SWORD 1.3 uses an http header field to define how the thing has been wrapped up (packaged)

SWORD 2.0 uses the content-type to deduce how to understand thing

By default, sword is ENABLED in all SWORD 3.2 & 3.3 EPrints servers, and access is available to all registered users.

EPrints 3.2 uses SWORD 1.3

EPrints 3.3 uses SWORD 2.0

This document covers EPrints 3.2 & SWORD 1.3 For information on SWORD 2 see API:EPrints/Apache/CRUD.


SWORD 1.3 uses some specific terms for specific meanings

  • collection The specific URL within the server for the data to go into. For EPrints this generally means inbox, review, archive, deleted - however for DSpace, there is a Collection concept; and Fedora has a similar RDF tag for defining collective groupings.
  • package The URI that identifies how a particular deposit has been wrapped up.
  • mediation This is where one user can deposit on behalf of another user.
  • servicedocument The document that the SWORD server can return to inform clients of what collections and what packages are understood by the service

Protocol implementation

verbose no-op

Configuring SWORD

The default location for SWORD configuration is

 archives/<your repo>/cfg/cfg.d/sword.pl

This is where you enable and disable access to various collections, and add/remove packages


The servicedocument is an XML listing of which "collections" are available, and what "packages" can be used with each one.

  • a "collection" in EPrints terms is inbox, review, archive - which correspond to the users workspace, the administration review buffer, and visible in the live repository
  • a "package" is an agreed method for wrapping up the data being sent over - as XML, as formatted text, in a zip file, etc...

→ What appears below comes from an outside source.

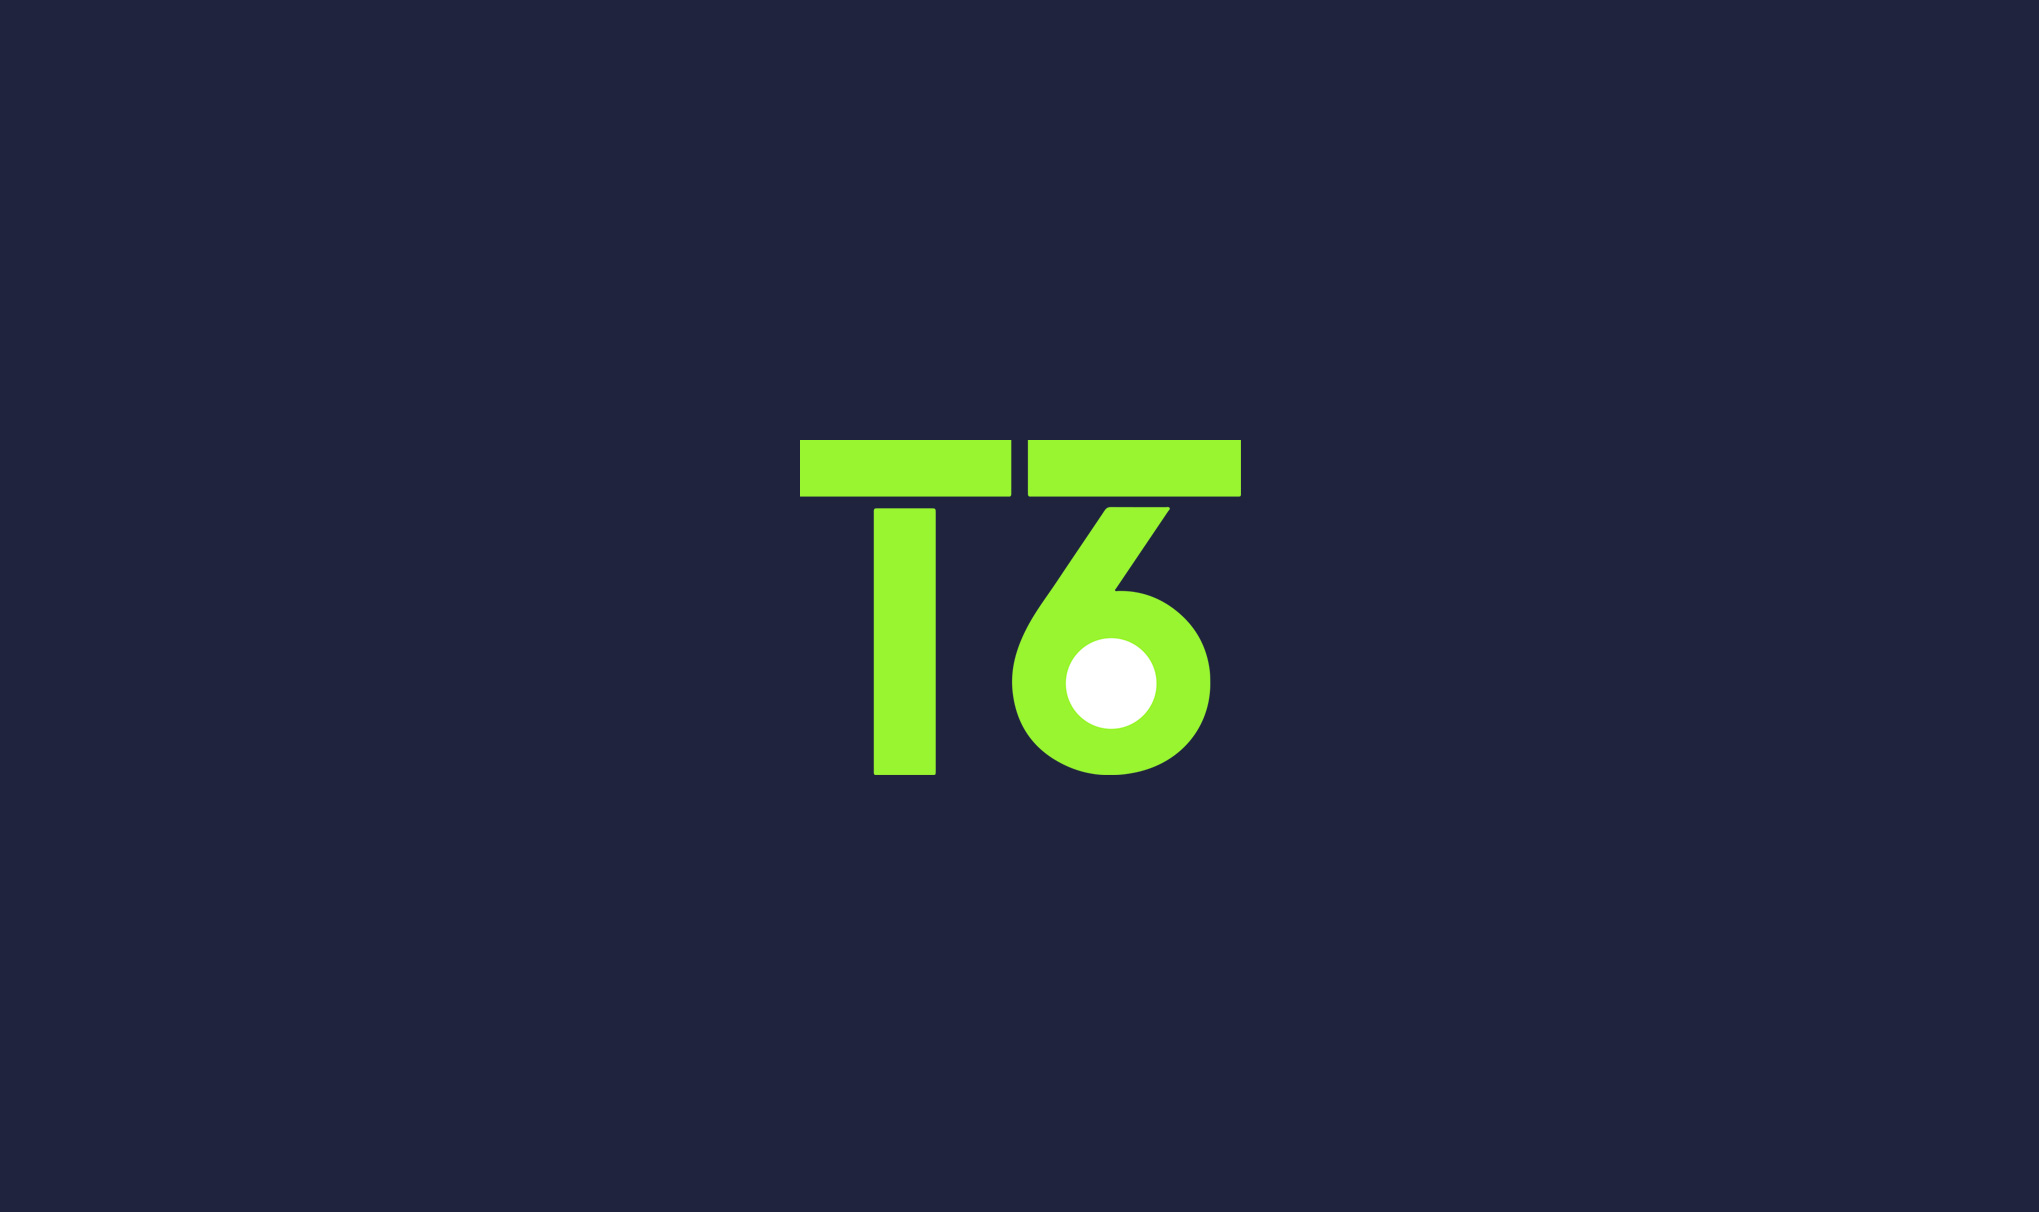 Quentin-paquignon-TT16-branding-identitévisuelle07.jpg

The default location for the servicedocument is /sword-app/servicedocument


Below is an example framework of the servicedocument

  <service xmlns="http://www.w3.org/2007/app" xmlns:atom="http://www.w3.org/2005/Atom" xmlns:sword="http://purl.org/net/sword/"
    <collection href="http://opendepot.org/sword-app/deposit/buffer">
    <collection href="http://opendepot.org/sword-app/deposit/inbox">

and in each collection is listed for package formats unsderstood:

  <collection href="http://opendepot.org/sword-app/deposit/buffer">
    <atom:title>Repository Review</atom:title>
    <sword:acceptPackaging q="0.2">http://www.loc.gov/METS/</sword:acceptPackaging>
    <sword:acceptPackaging q="1.0">http://eprints.org/ep2/data/2.0</sword:acceptPackaging>
    <sword:acceptPackaging q="0.2">http://www.imsglobal.org/xsd/imscp_v1p1</sword:acceptPackaging>
    <sword:acceptPackaging q="0.2">http://purl.org/net/sword-types/METSDSpaceSIP</sword:acceptPackaging>
      Deposited items will undergo the review process. Upon approval, items will appear in the live repository.
  <dcterms:abstract>This is the repository review.</dcterms:abstract>

Writing your own Importer

In EPrints 3.2, you need to create two things to enable a new importer

  1. You need to configure the repository to recognise a new packagge format, and associate that format with the code that handles it
    • This lives in ~~eprints/archives/<ID>/cfg/cfg.d/
  1. You need to write the actual package that handles the file being deposited
    • This live in ~~eprints/archives/<ID>/cfg/plugins/EPrints/plugin/Sword/Import/
    • For complex importers, you may end up writing multiple packages - its Perl.... TMTOWTDI

Configuration file

This is relatively easy file to write - for example:

  # Add in the RJ_Broker acceptance type
  $c->{sword}->{supported_packages}->{"http://opendepot.org/broker/1.0"} = 
    name => "Repository Junction Broker",
    plugin => "Sword::Import::RJ_Broker",
    qvalue => "0.8"
  • The name is the string that's shown in the servicedocument
  • The plugin is the package used to handle the file deposited
  • The qvalue is what's known as the "Quality Value" - how closely the importer matches all the metadata wanted by the repository.
    • The theory is that clients have a list of packages they can export as, and servers have a list of packages they understand - therefore a client can determine the best package for that transfer, based on relative QValues.

Importer Plugin

The importer plugin is a perl package that handles the deposited file, and creates a new record in the repository for the record deposited.

In practice, the best way to learn how importers are written is to look at existing importers (~~eprints/perl-lib/EPrints/Plugin/Sword/Import/...)

Basic framework

The very basic framework for an importer is to subclass from the generic "import" class:

package EPrints::Plugin::Sword::Import::MyImporter;

use strict;

use EPrints::Plugin::Sword::Import;
our @ISA = qw/ EPrints::Plugin::Sword::Import /;

sub new {
  my ( $class, %params ) = @_;
  my $self = $class->SUPER::new(%params);
  $self->{name} = "My Sword Importer";
  return $self;
} ## end sub new